Dashanbor Lyngkhoi, an artist from Mawkyrwat, was among the participants. The student of Sngap Syiem College in the district headquarters has never considered hearing impairment as deterrence and has been determined to improve his skills as a painter.
“I feel good to be part of the programme. The international artists taught us many things. I have my hearing problem so for any conversation, we would write and communicate. It was difficult for me because there was no interpreter for sign language. But I have tried to learn as much as possible from the experts,” said Lyngkhoi.
For Goldenstar Thongni, an artist from Rohbah village in the district, the art workshop was an opportunity to return to what he likes the most.


“I stopped painting around seven years ago to focus on studies. I held the paint brush again on October 17. I could feel that my hand was not moving fast but still I completed my work. Though I knew something about painting, interactions with the international artists enhanced my knowledge,” Thongni said as he smiled for a photograph in front of the landscape that he painted during the workshop.
Educative interventions in schools and creative workshops were also part of the programme. The artists visited schools at Nongnah, Pongpung and Jakrem as well as the Orphanage Home in Mawkyrwat and conducted group workshops for school children, children with special needs and teachers. The participants were encouraged to think creatively and give shape to their inchoate ideas.
James Smith, an artist from Wales, said they did “a lot of wall paintings with the children” in four or more schools. “They (the students) were very good. They worked very hard. They were very responsive and eager to make it all work. They brought their own ideas and it was really nice. I think they really enjoyed it… The students whom we worked with were positive and put a lot into what they were doing,” the artist looked contented with his sessions.

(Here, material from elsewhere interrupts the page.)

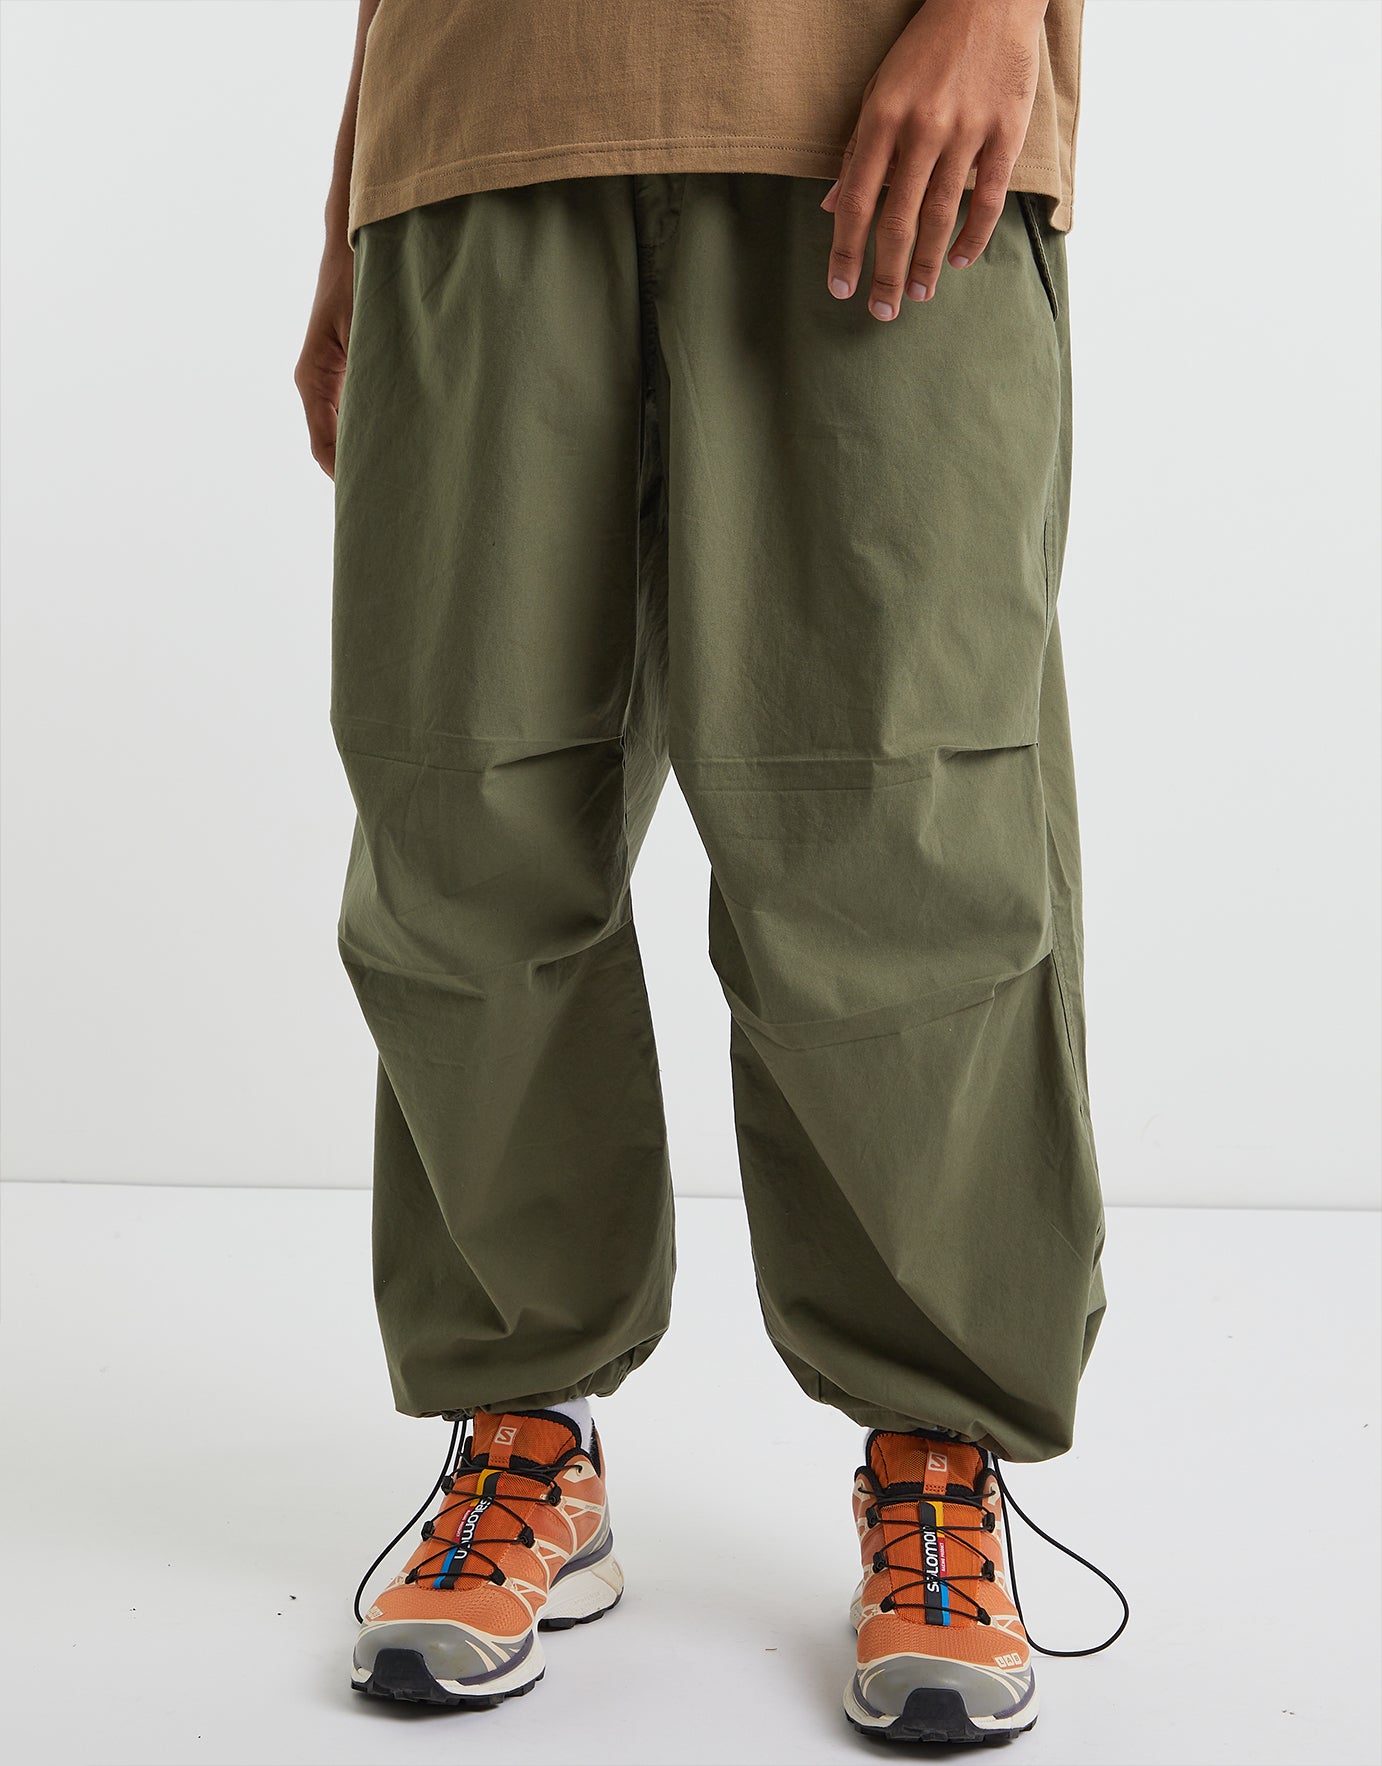 Multi-Pocket Straight Leg Pants Parachute Pant Trousers Cargo Pants Casual  Y | eBay

The main motto of Picasso Pupils is to use art as a language to connect diverse cultures, artists from different backgrounds with the environment of rural Meghalaya and uncover the potential of cultural and natural heritage of the state.
Cristina Megia, an artist from Spain, said she was “really happy to be in Meghalaya” where “all people have talents”.
“I think the most important thing is to try and have a lot of hope and they have to work hard to get their desire,” she added.
Smith too had words of encouragement for the local artists. “Make work, be creative, use your imagination, enjoy making arts, enjoy your surrounding that is so beautiful here, make the most of it and work hard,” he said.